“Is it significant?” is the wrong question

Author: Frank Buckler, Ph.D.

Founder of CX-AI.com and CEO of Success Drivers
// Pioneering Causal AI for Insights since 2001 //
Author, Speaker, Father of two, a huge Metallica fan.

Author: Frank Buckler, Ph.D.
Published on: October 6, 2023 * 8 min read

The other day I noticed a post on LinkedIN by an esteemed acquaintance, Ed Rigdon, Professor at Georgia State University in Atlanta USA. I read, “Even though significance tests date back only to the 1930s when Fisher promoted them, and even though they are logically flawed and clearly retard knowledge growth, social science researchers are enslaved by this very bad idea. Even now that the American Statistical Association has explicitly rejected the concept, researchers cling to it desperately.”

Photo: Thomas Fedra

Wow. Tough stuff. Can that be true? In business, when you look at market research and analysis results, two questions often come up: is this representative and is this significant? In other words, “is it true for everyone” and “is the impact large”? If we ignore representativeness today, it is common practice – both in science and in companies – to answer with the P-value. It is also known as significance value or probability of error. With 0.001 the P-value is really good and in practice sometimes even 0.1 is accepted as sufficient. The significance is used as a judge between right and wrong.
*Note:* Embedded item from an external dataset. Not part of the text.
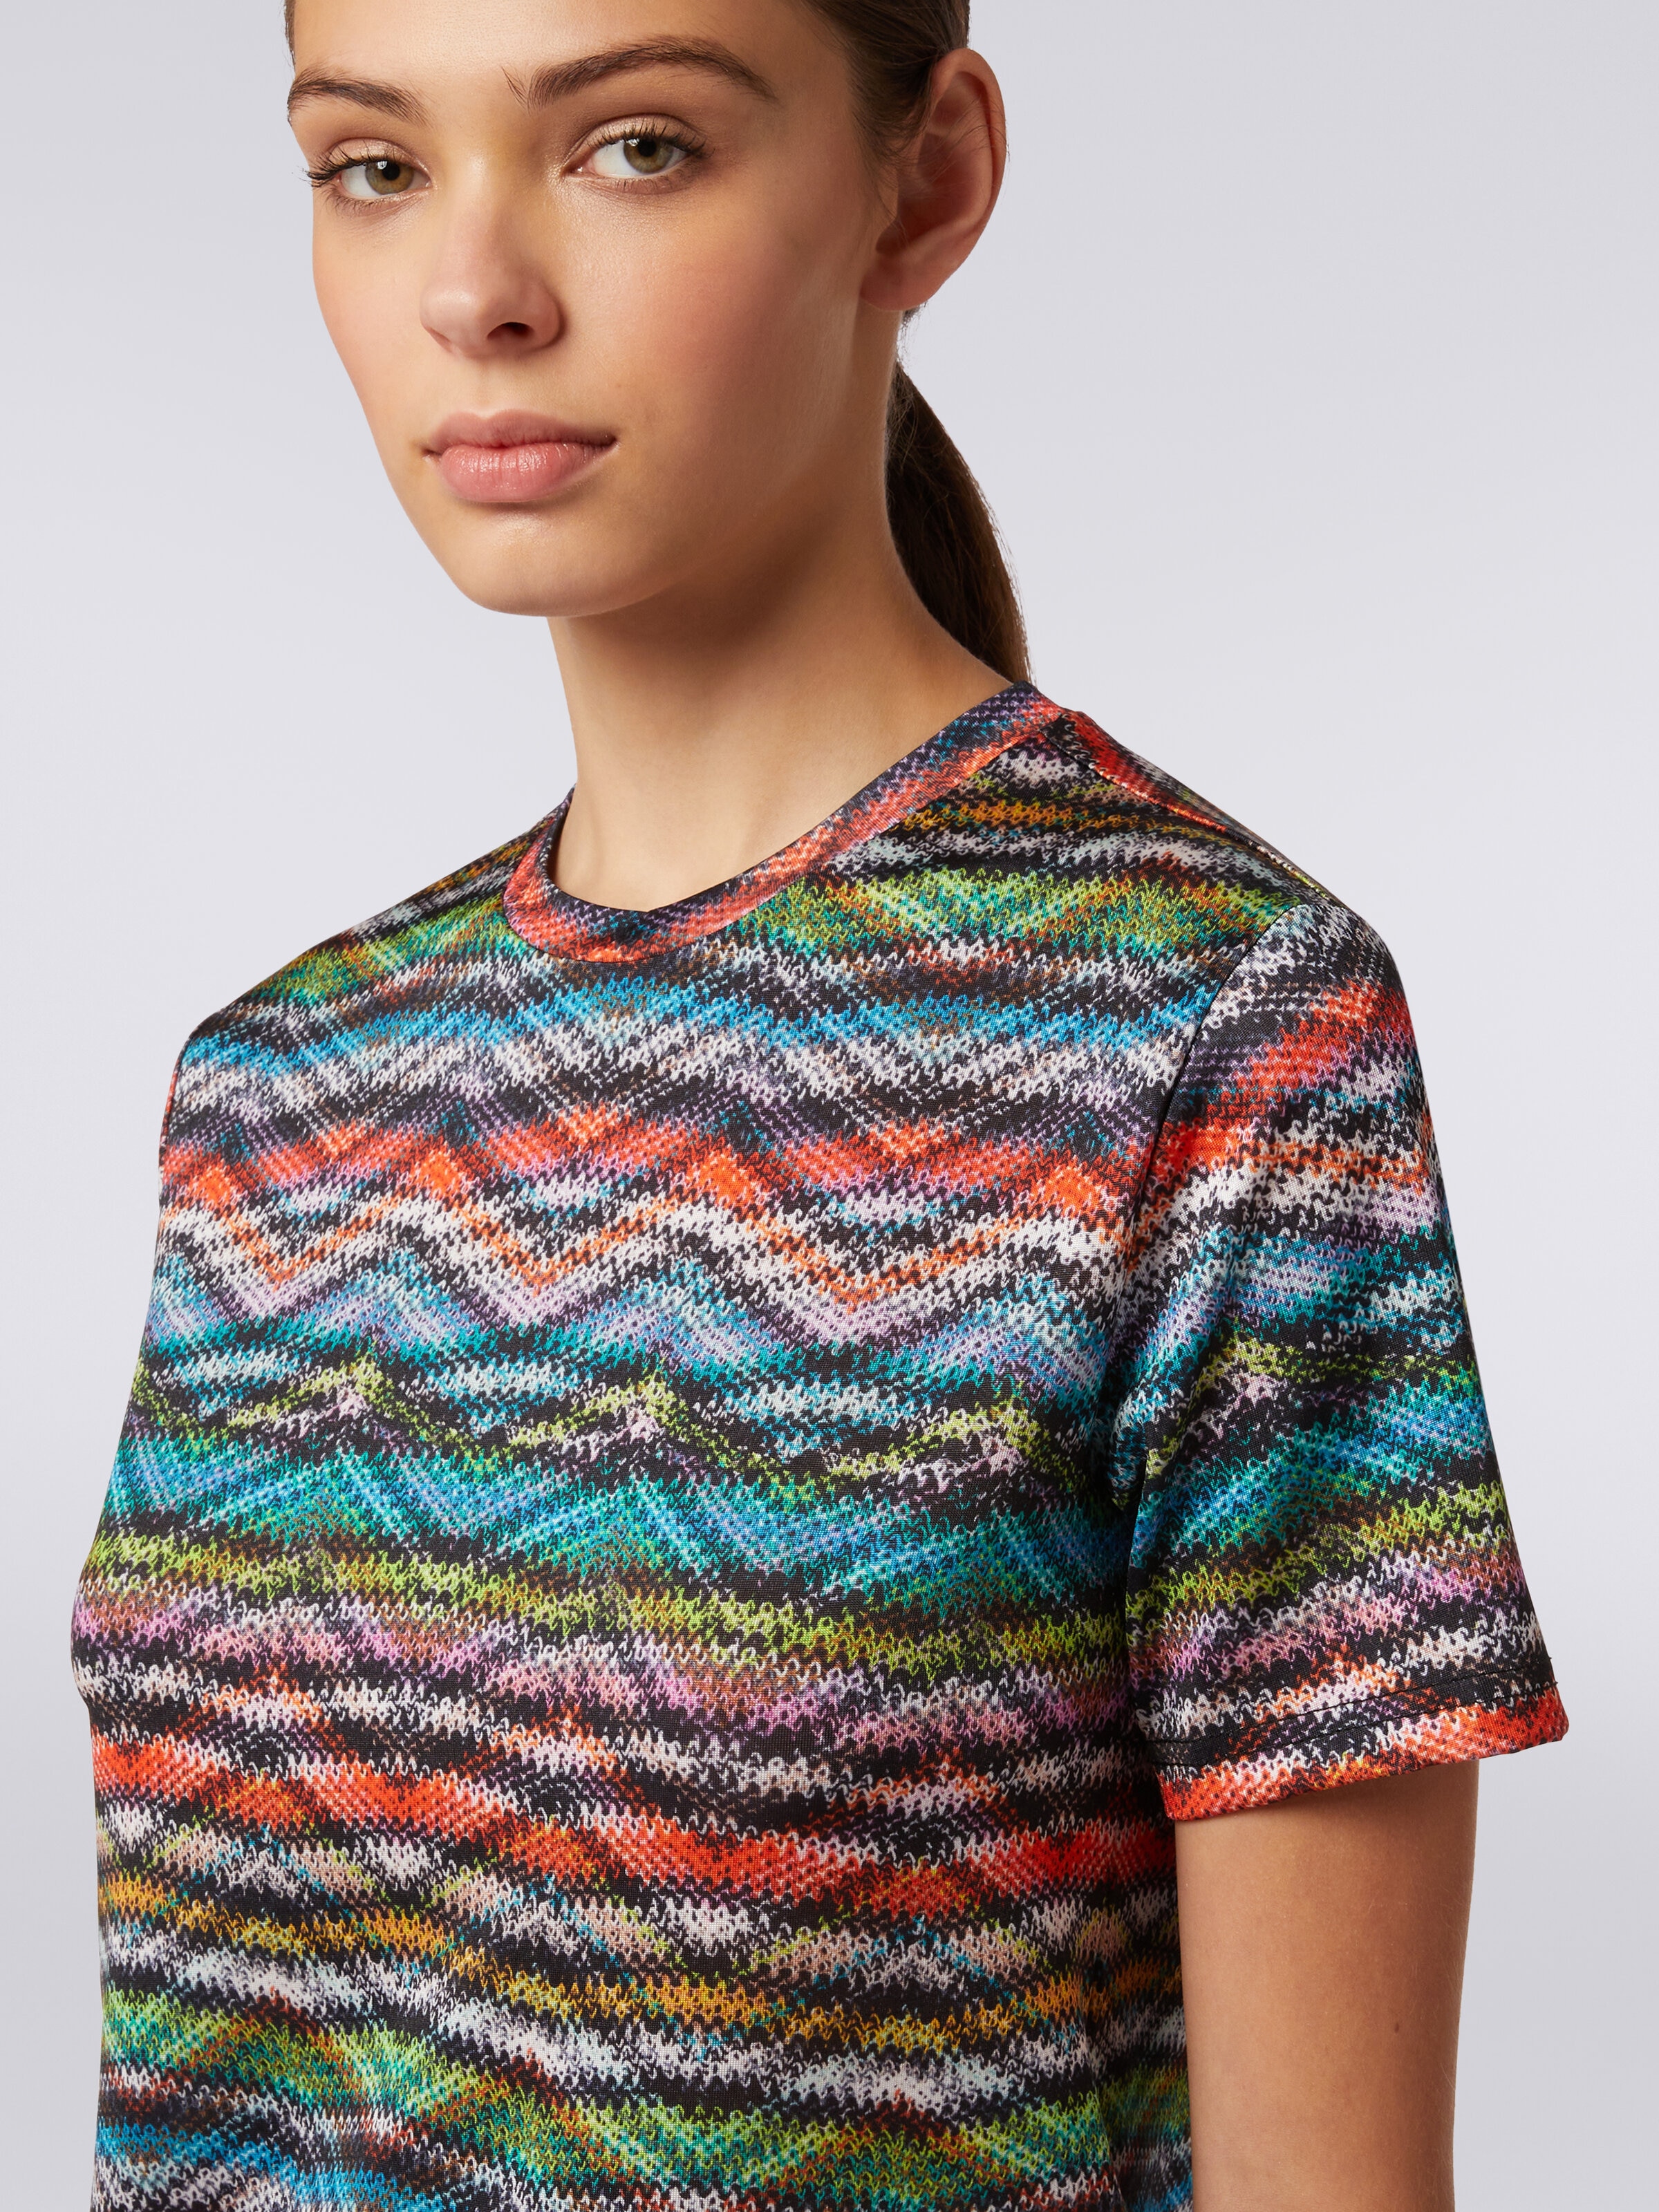 T-shirt in printed stretch nylon, Multicoloured  - 4

I look at the official statement of the American Statistical Association on the P-value:

Principle 1: P-values can indicate whether data are inconsistent with a particular statistical model.
Principle 2: P values do not measure the probability that the hypothesis under study is true or the probability that the data are due to chance alone.
Principle 3: Scientific conclusions and business or policy decisions should not be based solely on whether a P value exceeds a certain threshold.
Principle 4: Proper conclusions require full reporting and transparency.
Principle 5: A P value or statistical significance is not a measure of the size of an effect or the significance of a result.
Principle 6: A P value alone is not a good measure of evidence for a model or hypothesis.

There now seems to be a scientific consensus in the American Statistical Association that the practice of using significance values is not very useful, if not dangerous. Why dangerous? Because it declares relationships to be “true” that, when viewed holistically, are not. Therefore, wrong decisions and low ROI are preprogrammed for the practice. Read here.

Get your FREE hardcopy of the “CX Insights Manifesto”

FREE for all client-side Insights professionals.
We ship your hardcopy to USA, CA, UK, GER, FR, IT, and ESP.

Significance can be created arbitrarily

Language usage is a bad advisor. We all know sentences like “Mr. Y had a significant impact on X”. What is meant here is “great” or “significant.” But if something is statistically significant, it does not mean that it must be significant. On the contrary, something statistically significant can also be very small and insignificant. What is significant is that a correlation between data is so clear that it is not based on chance.

In market research parlance, significant is thus “proven to be true.” But nothing is set in stone. In science, the term “p-hacking” has emerged. Models, hypotheses and data are changed and trimmed until the P-value is below the targeted threshold. If “P-hacking” is already commonplace in science, what does it look like in market research practice?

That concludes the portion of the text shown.